检查字典中是否已经存在两个数字作为一个键（Python）

Question

I'm trying to store the LCM of two numbers in a dictionary to perform the calculation only if it has not been completed yet aka is already stored in the dictionary. I take the numbers a and b as key and try to check in my code if they already exist as key. Exactly there it fails with me, because I don't know, how I should define the two numbers as a key. It should not matter if a=7 , b=8 or a=8 and b=7. Thanks for the help! The exact position is marked in the code

a = int(input("Give A: "))
b = int(input("Give B: "))

dic = {}





while a != 0 and b != 0:

#my problem is here!
    
    if (a,b)in dic.keys():
        print("Found in dictionary!")
        print("LCM for ", a, " and ", b, " is ", dic[a,b])
        
        a = int(input("Give A: "))
        b = int(input("Give B: "))
        
   # choose the greater number
   
   
   
    else:
        if a > b:
            greater = a
        else:
            greater = b

        while(True):
            if((greater % a == 0) and (greater % b == 0)):
                lcm = greater
                #adding lcm to dic with the keys a and b
                dic[a,b] = (lcm)
                print ("Not found in dictionary!")
                print("LCM for ", a, " and ", b, " is ", dic[a,b])
                break
                
            else:           
                greater += 1
                
        a = int(input("Give A: "))
        b = int(input("Give B: "))
        
    
        
print ("Terminated + the values added so far were: " , dic)

Answer 1

If you want to compare collections where order doesn't matter, a set is usually what you want. set(a, b) is equal to set(b, a)

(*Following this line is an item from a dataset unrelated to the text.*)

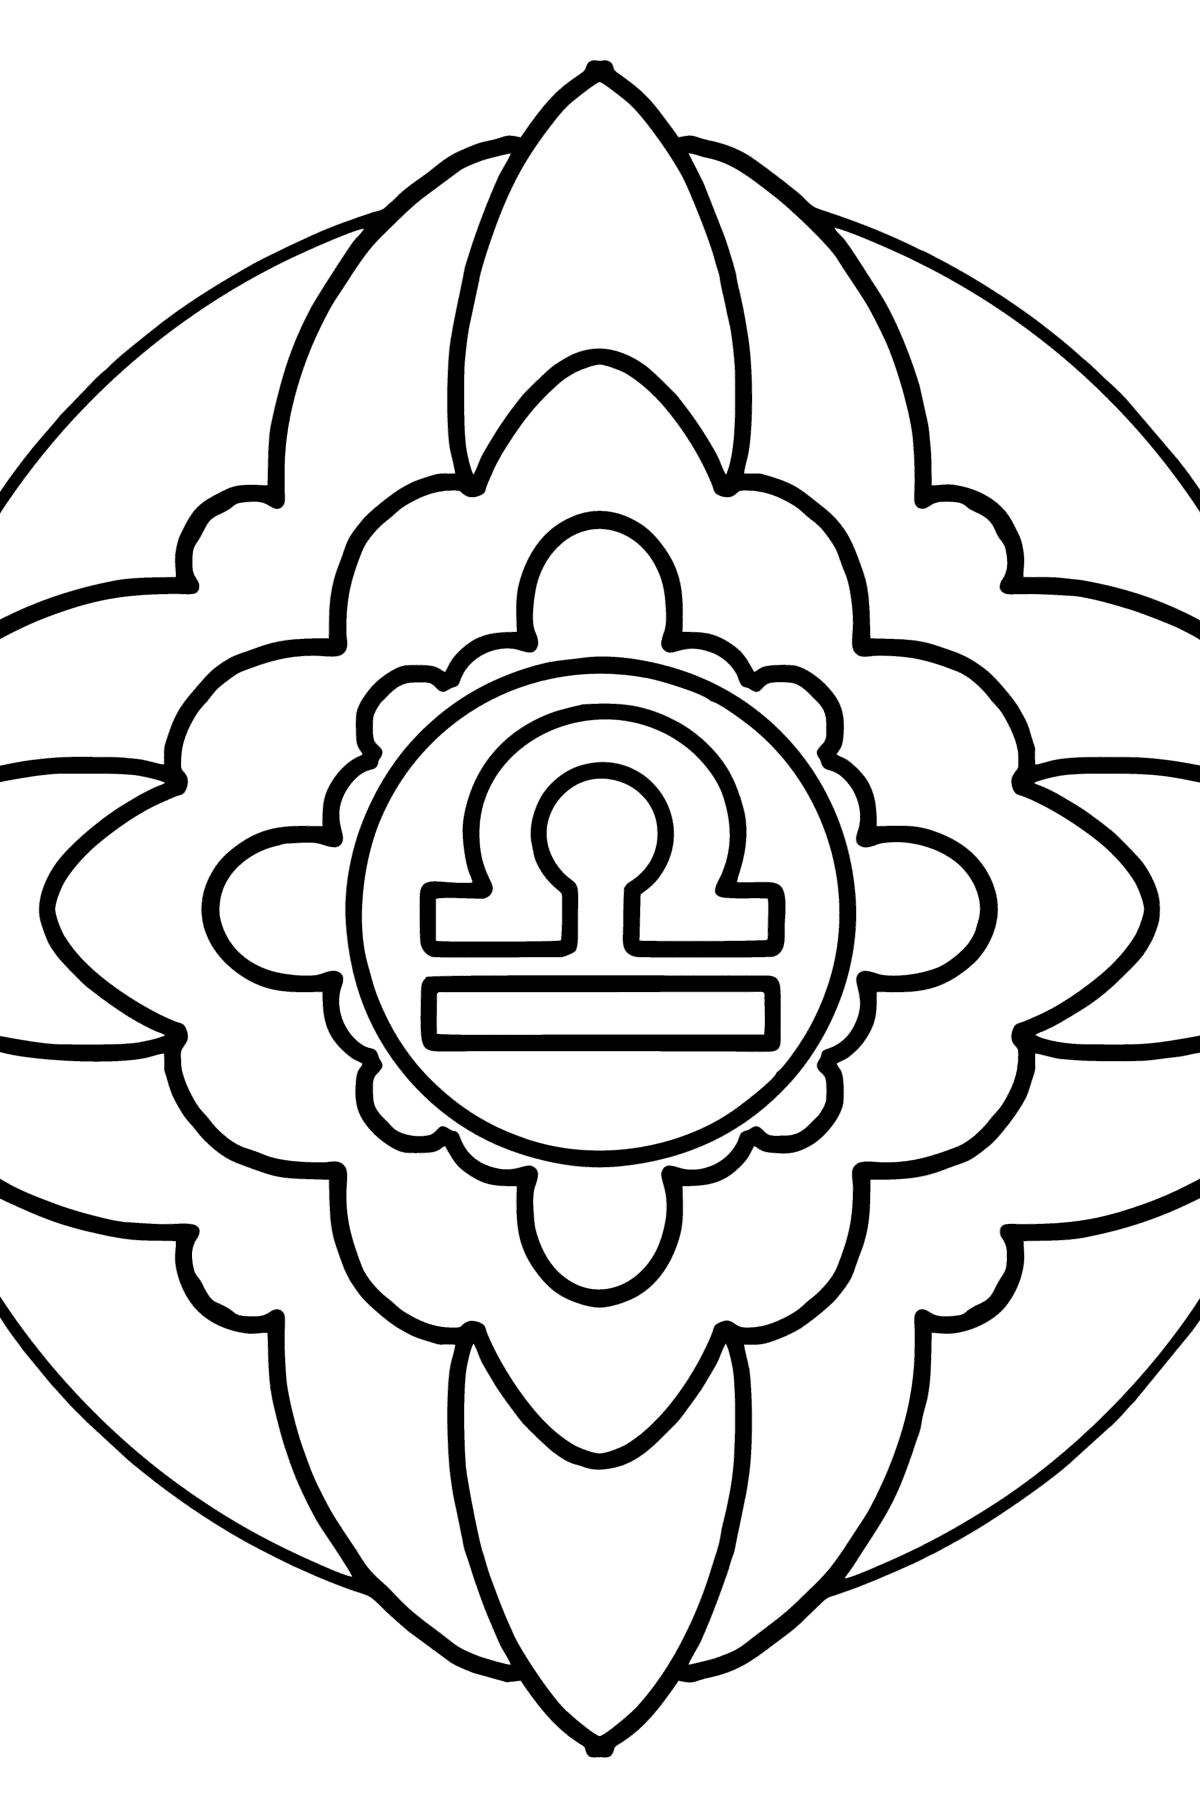 Coloring page - zodiac sign Libra - Coloring Pages for Kids

However, sets are unhashable types, so you won't be able to use them as dictionary keys. Instead, you can use a frozenset, which will work the same, but its immutable. Because it is immutable, it will be a hashable type, and can be used as a dictionary key.

https://docs.python.org/3/library/stdtypes.html#frozenset

Note that this will be slightly weird if a == b. Sets only store unique values, so set(5, 5) will be equal to set(5). This will still be mathematically correct in your use case, since lcm(5, 5) is the same as lcm(5), but its something to keep in mind if eg. The number of elements in the collection is relevant

Answer 2

I think the best way of storing data will be in list. If you are not forced to use dictionary in some way, just don't. Put dict away in this case. You don't need to have variable a and b as key. Just simple create a nested list (eg data = [[7, 8, 56], [6, 5, 30]] ).

First create variable where you will be storing input data. Then, if variable does not contain new input simply add it in a format [a, b, lcm] .

a = int(input("Give A: "))
b = int(input("Give B: "))

data = []

while a != 0 and b != 0:

    match = False   
    for item in data:   # iterate list

        if item[0] == a and item[1] == b:   # if match, store lcm
            match = item[2]
            break
    
    if match:
        print("Found in dictionary!")
        print("LCM for ", a, " and ", b, " is ", match)
        
        a = int(input("Give A: "))
        b = int(input("Give B: "))
        

    else:
        if a > b:
            greater = a
        else:
            greater = b

        while(True):
            if((greater % a == 0) and (greater % b == 0)):
                lcm = greater
                data.append([a, b, lcm])    # Append to the list

                print("Not found in dictionary!")
                print("LCM for ", a, " and ", b, " is ", lcm)
                break
                
            else:           
                greater += 1
                
        a = int(input("Give A: "))
        b = int(input("Give B: "))
        
    
        
print ("Terminated + the values added so far were: " , data)

Hope it helped!

Answer 3

Dunno the best answer, but I'd suggest using a dict subclass for this. Something like this:

class SortedTupleDict(dict):

    def __setitem__(self, key, value):
        super().__setitem__(tuple(sorted(key)), value)

    def __getitem__(self, item):
        return super().__getitem__(tuple(sorted(item)))

    def __contains__(self, item):
        return super().__contains__(tuple(sorted(item)))


d = SortedTupleDict()
d[(3, 1)] = 'test'
print(d)  # {(1, 3): 'test'}

# True
assert d[(3, 1)] == d[(1, 3)] == 'test'
assert (3, 1) in d

What it's doing here is sorting the elements in the tuple from lowest to highest, so (4, 1, 2) is stored as (1, 2, 4) . Then when retrieving an item by a key, it sorts the tuple and then looks it up in the dict object.